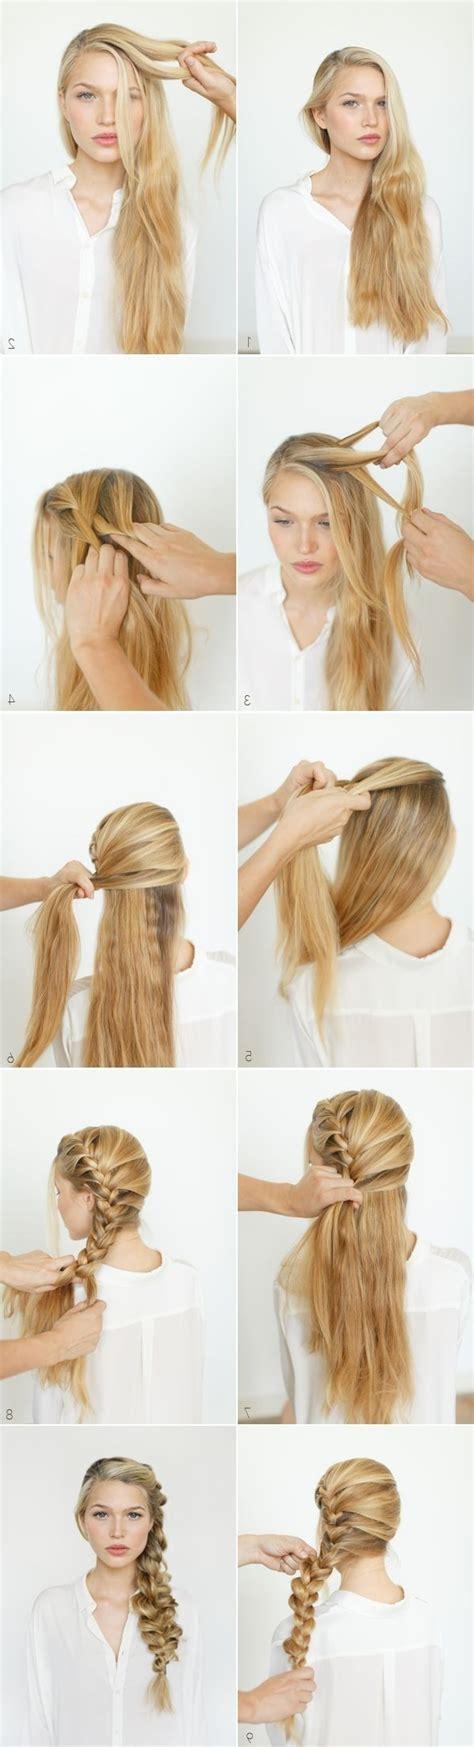 step by step braid short hair braided hairstyles for short hair step by step hairstyle
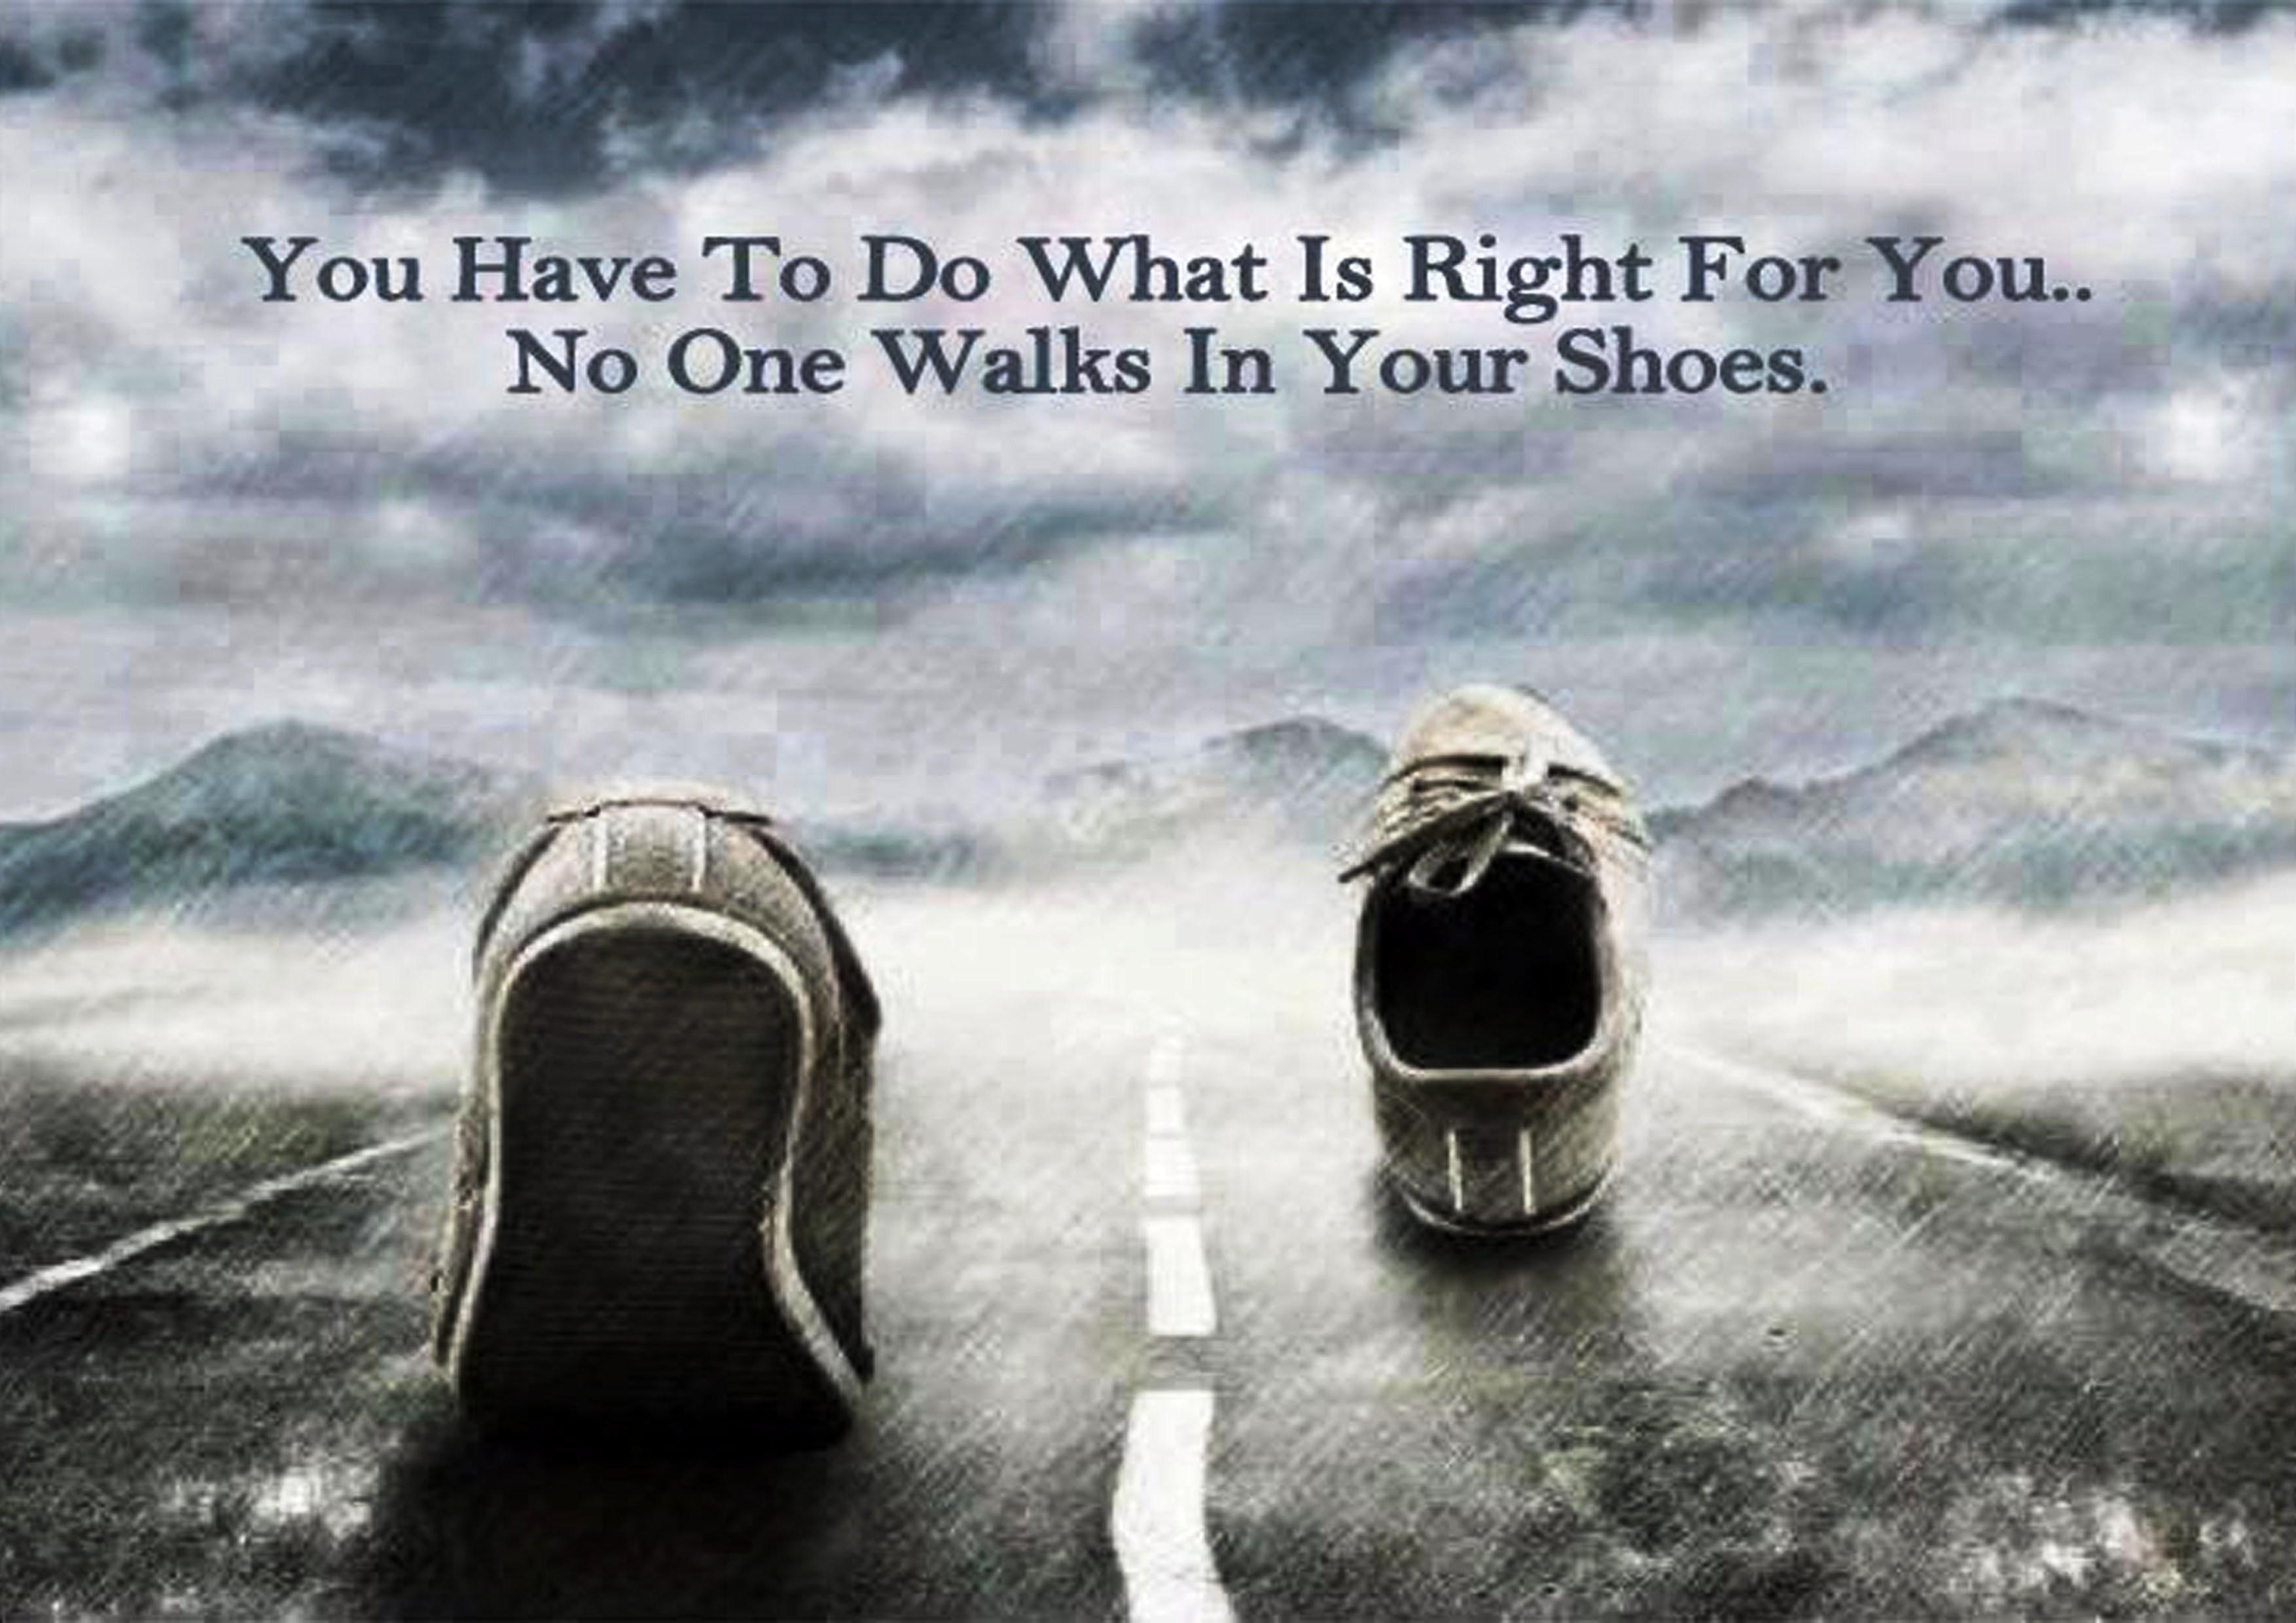 Трябва да правиш това, което ти харесва и което е добро за теб! Никой друг няма да изживее живота ти и да извърви твоя Път вместо теб!
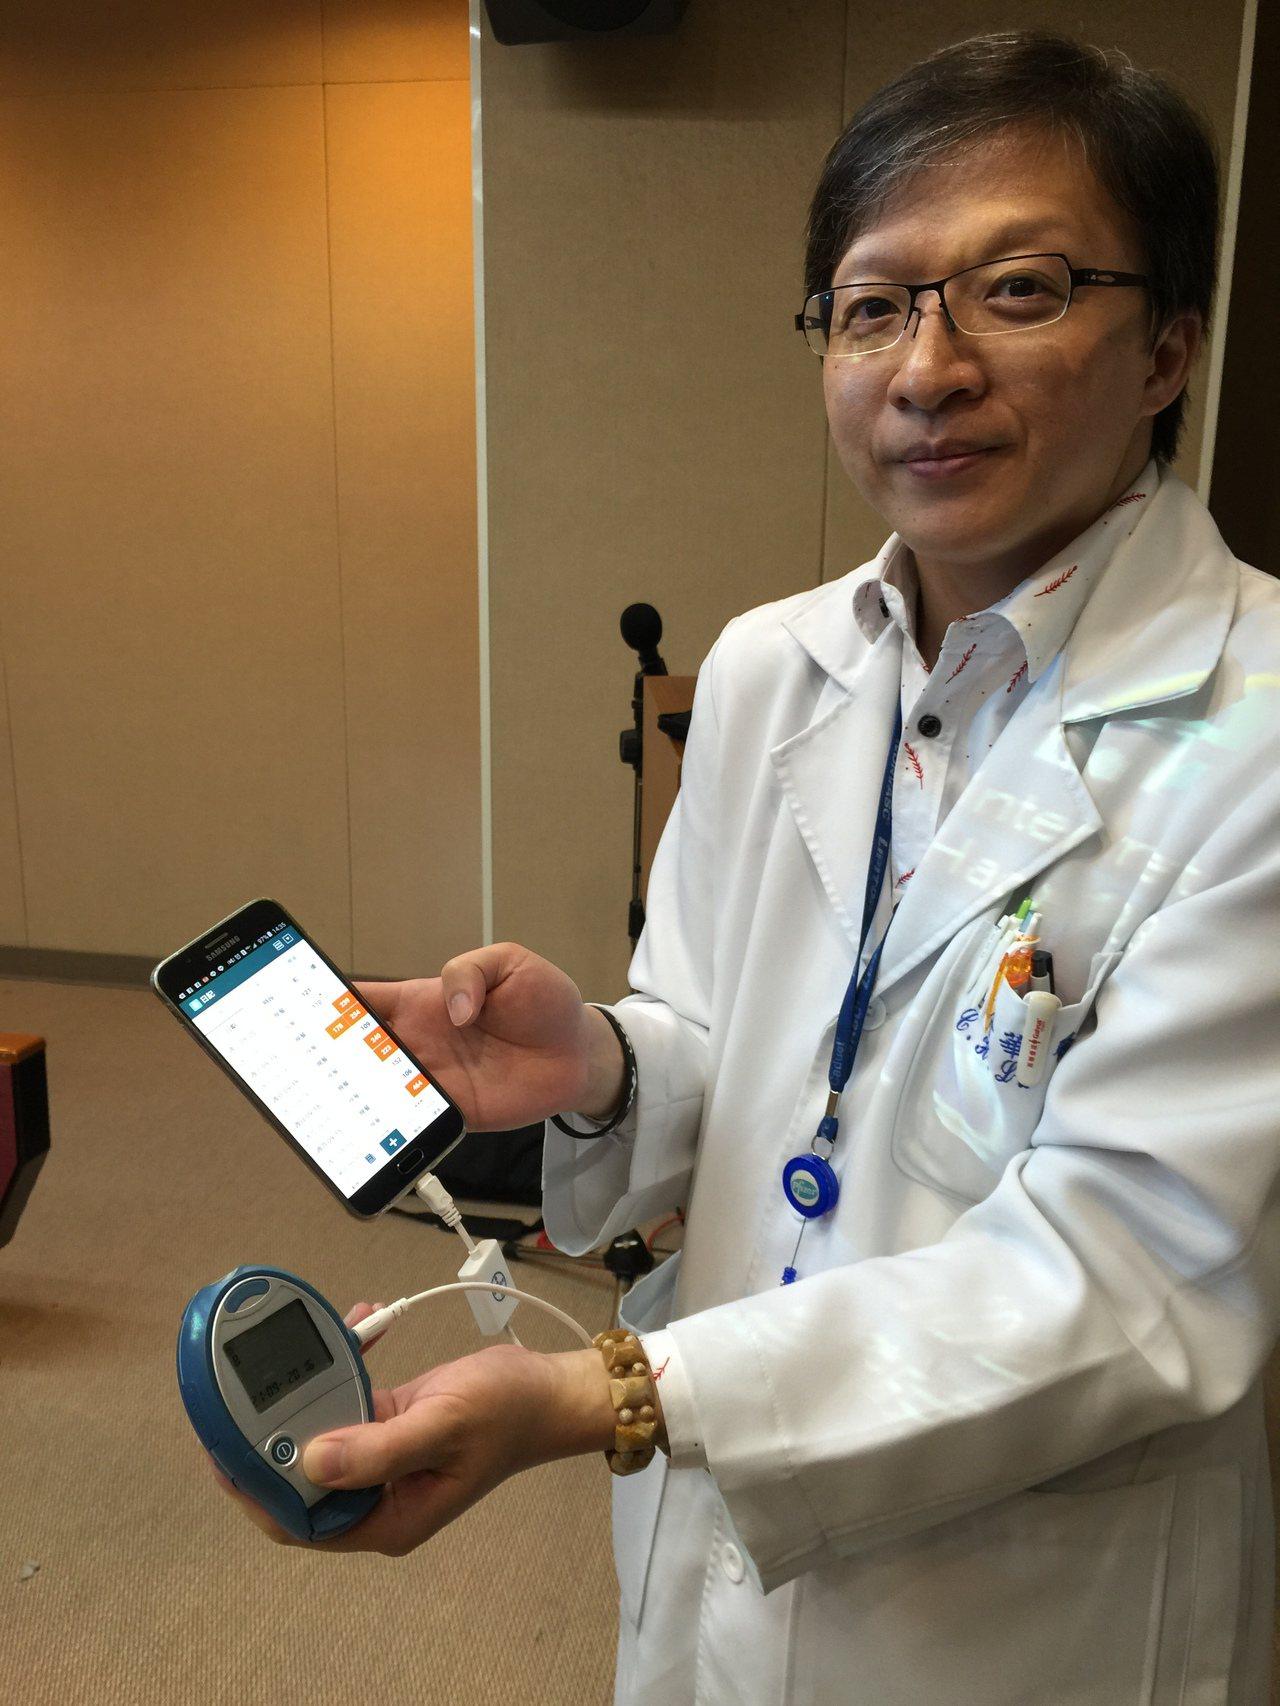 三軍總醫院新陳代謝科主治醫師呂介華,示範血糖機連結手機APP紀錄血糖值。記者黃安...

**Task instructions:**
Extract word for word every line from the line that contains "Трябва да правиш" to the final line of the data, both included, and nothing else; skip the pictures.

**Response area:**
 Трябва да правиш това, което ти харесва и което е добро за теб! Никой друг няма да изживее живота ти и да извърви твоя Път вместо теб!
 三軍總醫院新陳代謝科主治醫師呂介華,示範血糖機連結手機APP紀錄血糖值。記者黃安...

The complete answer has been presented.